Real data do not come nice and pretty like (0,3), (1,9), (2,19), (3,33), (4,51). Something like (0,3.1), (1,8.9), (2,19.1), (3,233), (4,51.1) is much more realistic. A fourth-order polynomial will fit these five points exactly -- and will be exactly wrong. In general, given N+1 data pairs a Nth order polynomial will always yield a perfect fit. So why is this perfect fit almost always wrong? Suppose you have 1001 measurements at hand. I don't know of a single natural process that follows a 1000^th order polynomial. The underlying process is more likely to be much simpler. Knowing what kind of equation one should fit to can be a bit of an art. Having an idea ahead of time (e.g., a scientific theory you are trying to verify) helps a lot.

 

Going back to the data I made up: (0,3.1), (1,8.9), (2,19.1), (3,233), (4,51.1). That penultimate pair, (3,233) is completely out-of-line with the rest of the dataset.
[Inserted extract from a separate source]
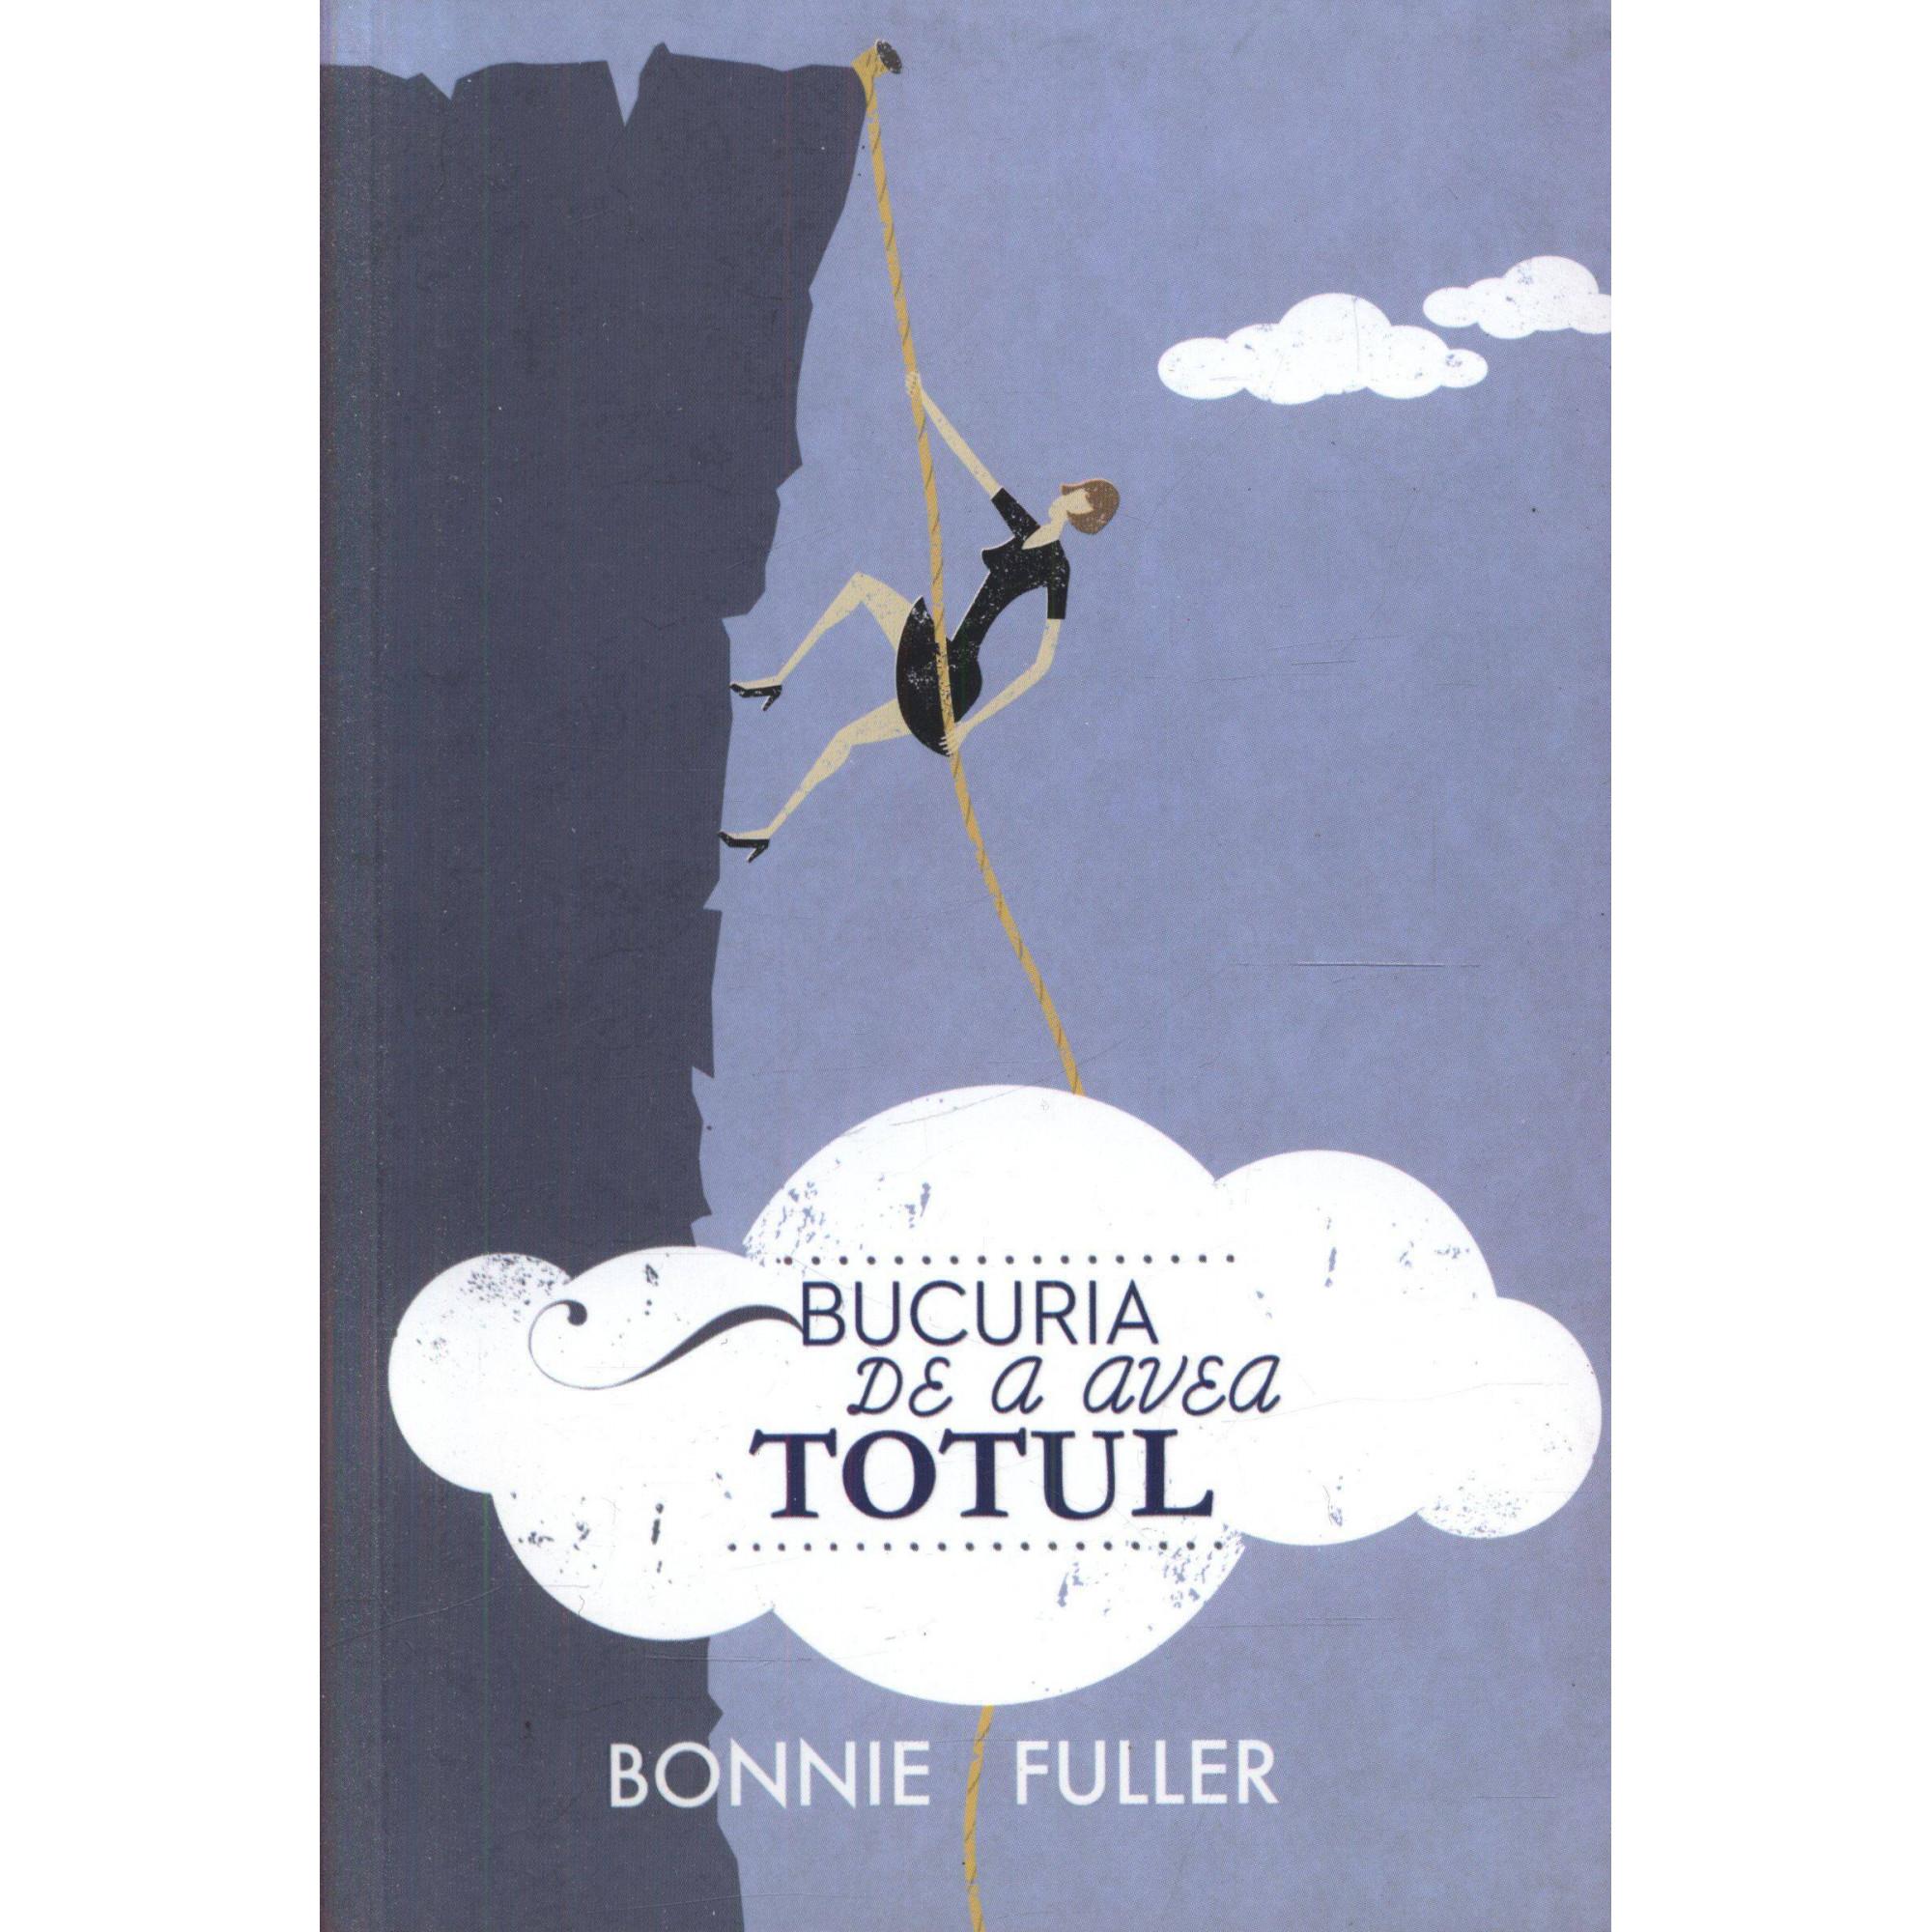 Bucuria de a avea totul; Bonnie Fuller

If you throw that data pair out, you will get four points that fit quite nicely to a parabola. Discarding outliers is a time-honored technique. Sensors sometimes give completely wrong readings. Lab technicians sometimes make mistakes. Suppose you redo the test at this point and get (3,32.9). That fits with the quadratic model.

 

Throwing out valid data is not a good thing to do. Suppose you redo the test at the point in question and get (3,229). You do it again: (3,236). Now what? Measure at 2.9 and 3.1, that's what. Maybe you've discovered something important. If you had simply followed time-honored tradition you would missed something big. Many serendipitous discoveries happen just like that. This is one of the many reasons a magical equation finder cannot exist.

[alan2here]

A program to test a series against known methods would be usefull.

 

1, 1, 2, 3, 5, 8, 13, 21

 

analysis

 

suficent points? yes, continuing

all the same? no, continuing

period: large or NA

goes: always up

limit: 1 to 21 found

slope: 0 to 8 found

polynomial level: large or NA (intrestingly chaotic), continuing

fibonarchi: 100%

[math]n_{p} = a^{p}[/math]: best A's found 12.5% match at 1, ...

...

 

results

 

type: fibonarchi

 

I'm going back to uni soon, I might write one if there is any interest, could involve other stuff as well.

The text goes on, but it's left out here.